### DATASET SECTION
------------------------
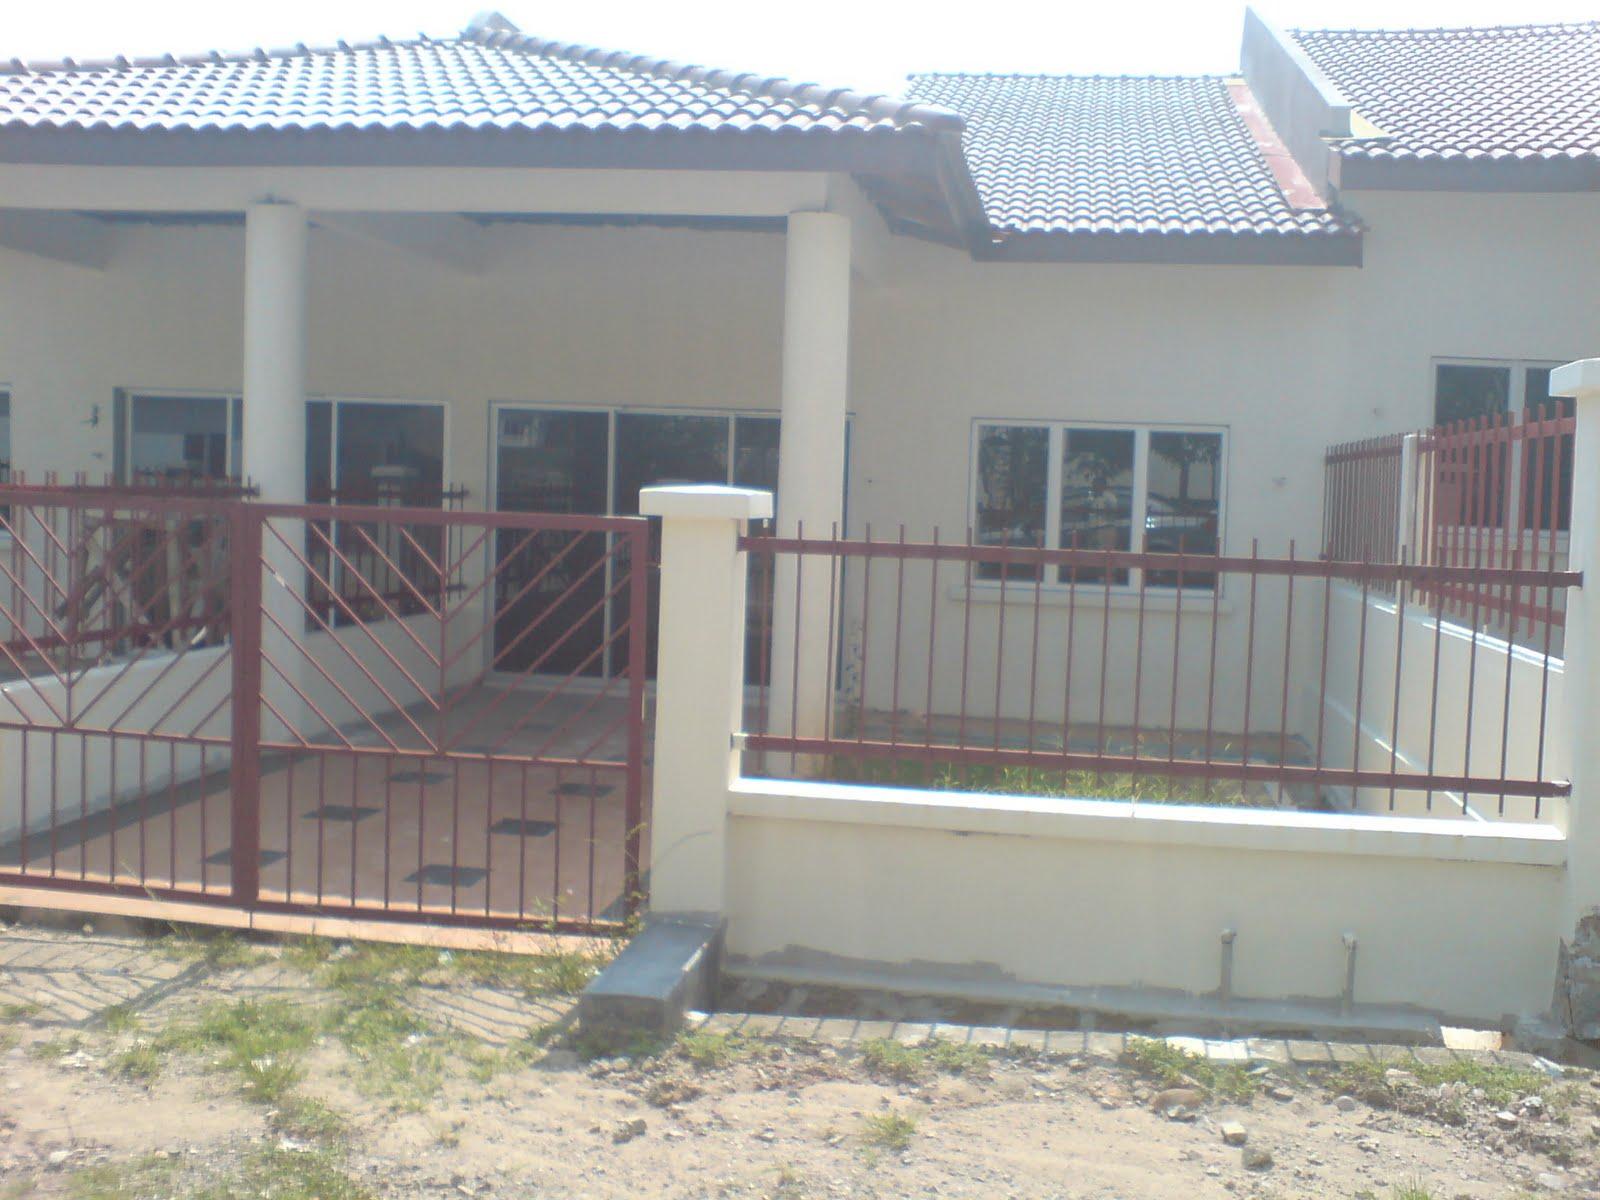 EilaRazi My Aim Kediaman Rumah Baru Kos Sederhana
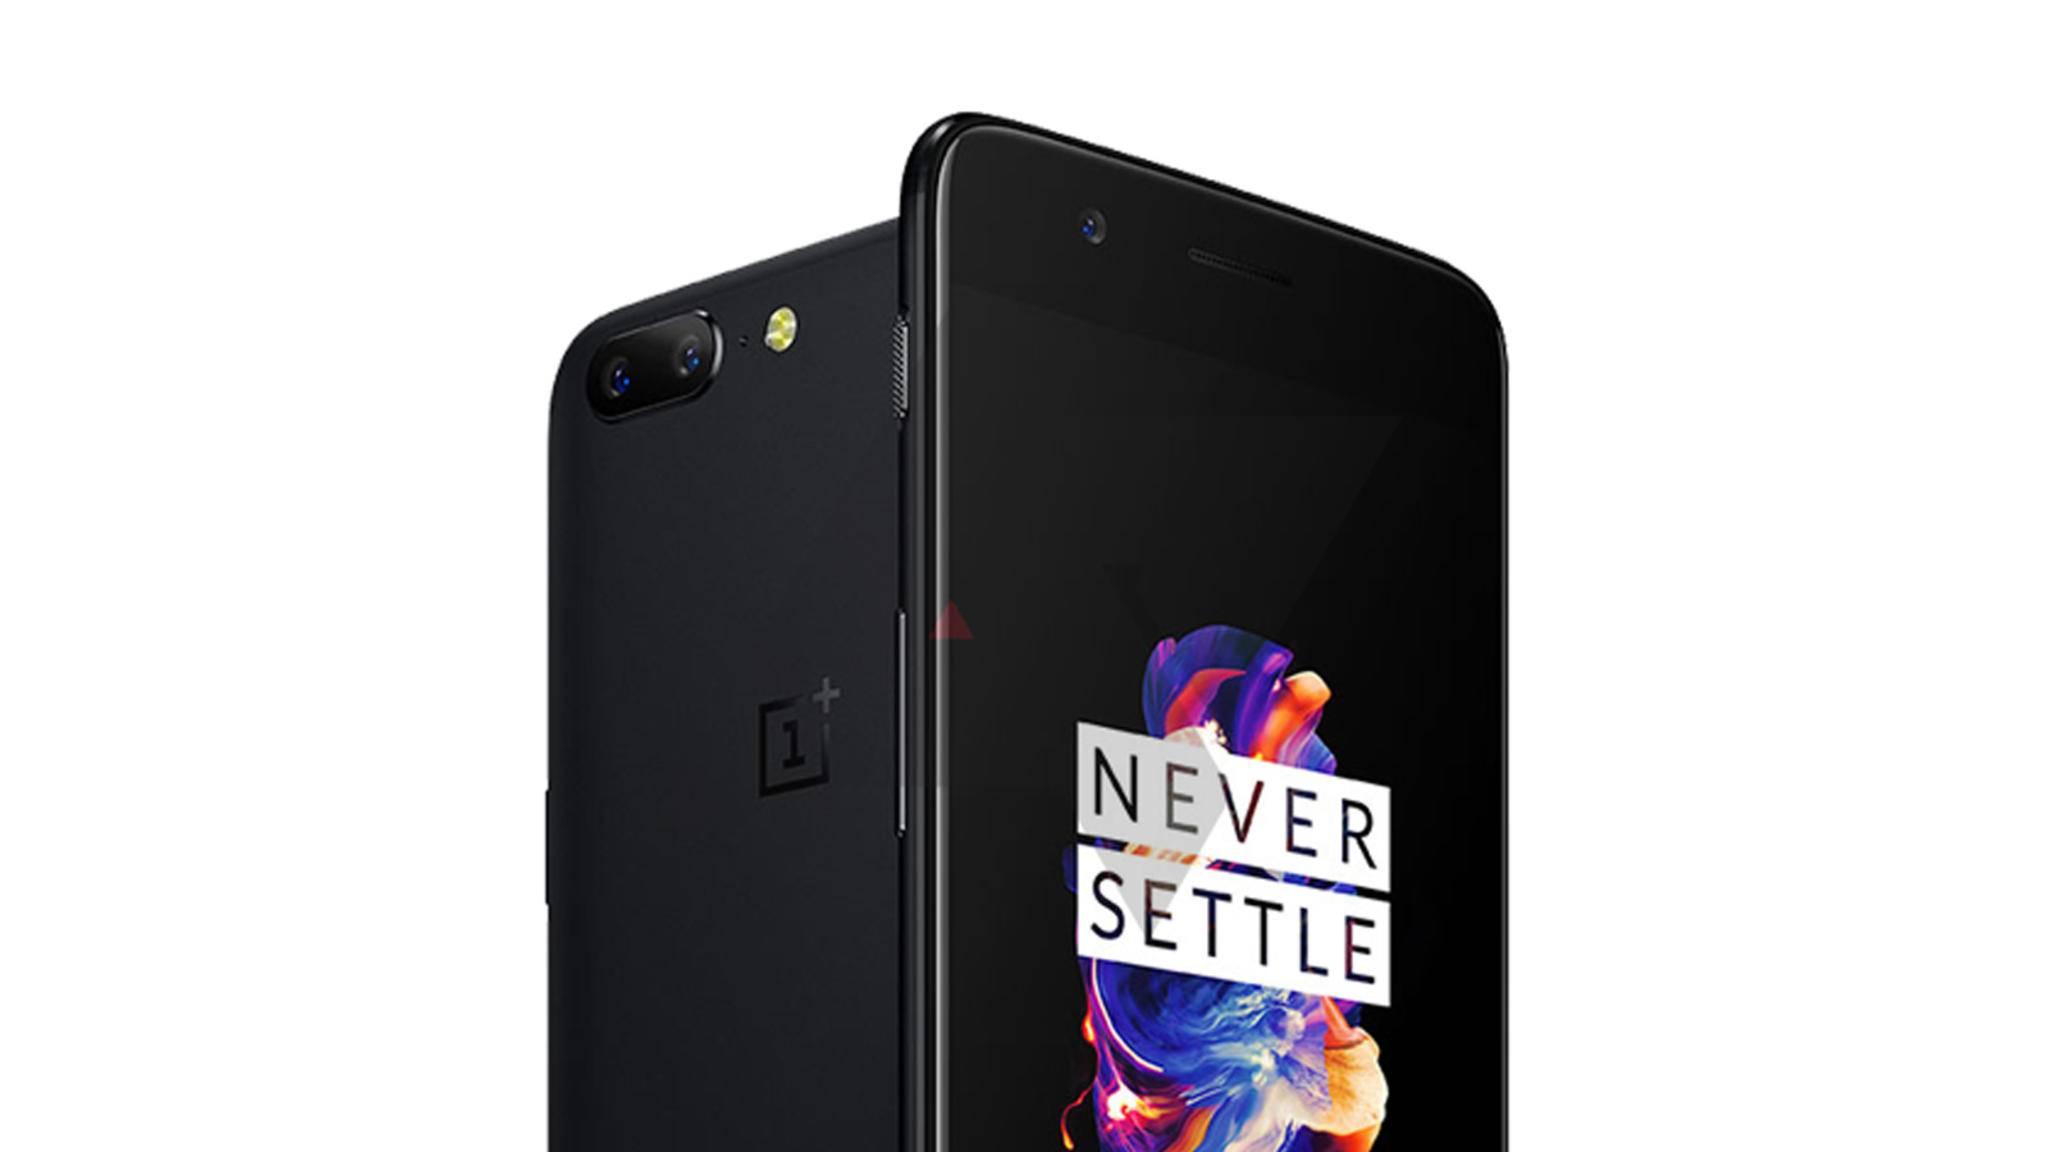 Das OnePlus 5 könnte das teuerste Smartphone der Serie werden.
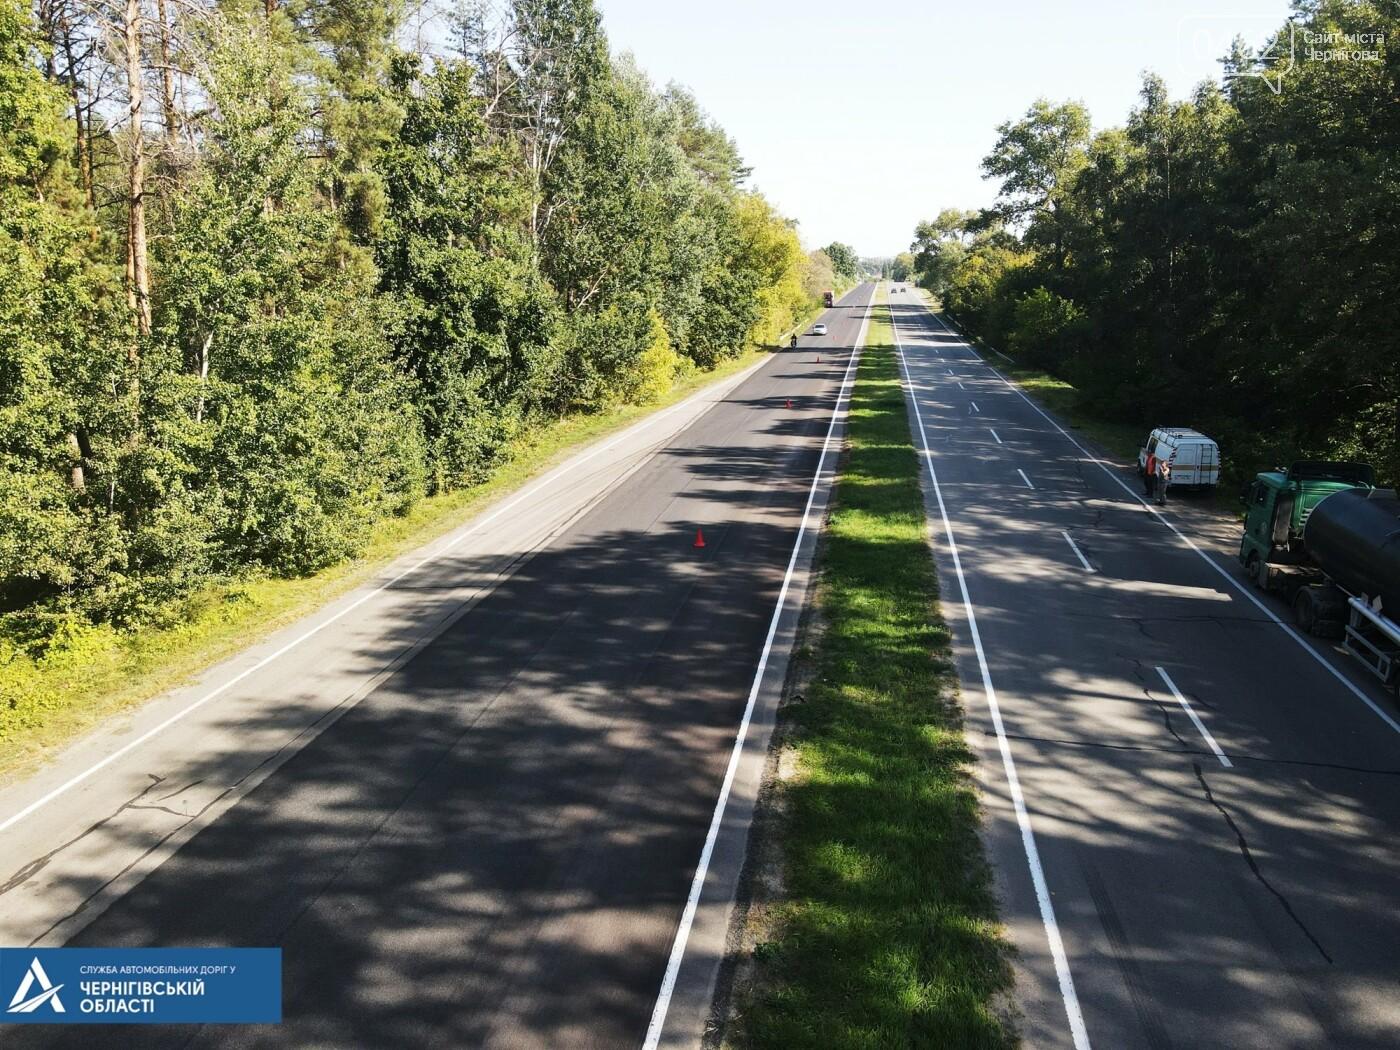 На в'їзді до Чернігова ремонтують дорогу, фото-2
------------------------
### TASK REQUIREMENTS
Retype the listing exactly and drop the pictures.

### SOLUTION FOR THIS EXERCISE
 EilaRazi My Aim Kediaman Rumah Baru Kos Sederhana
 Das OnePlus 5 könnte das teuerste Smartphone der Serie werden.
 На в'їзді до Чернігова ремонтують дорогу, фото-2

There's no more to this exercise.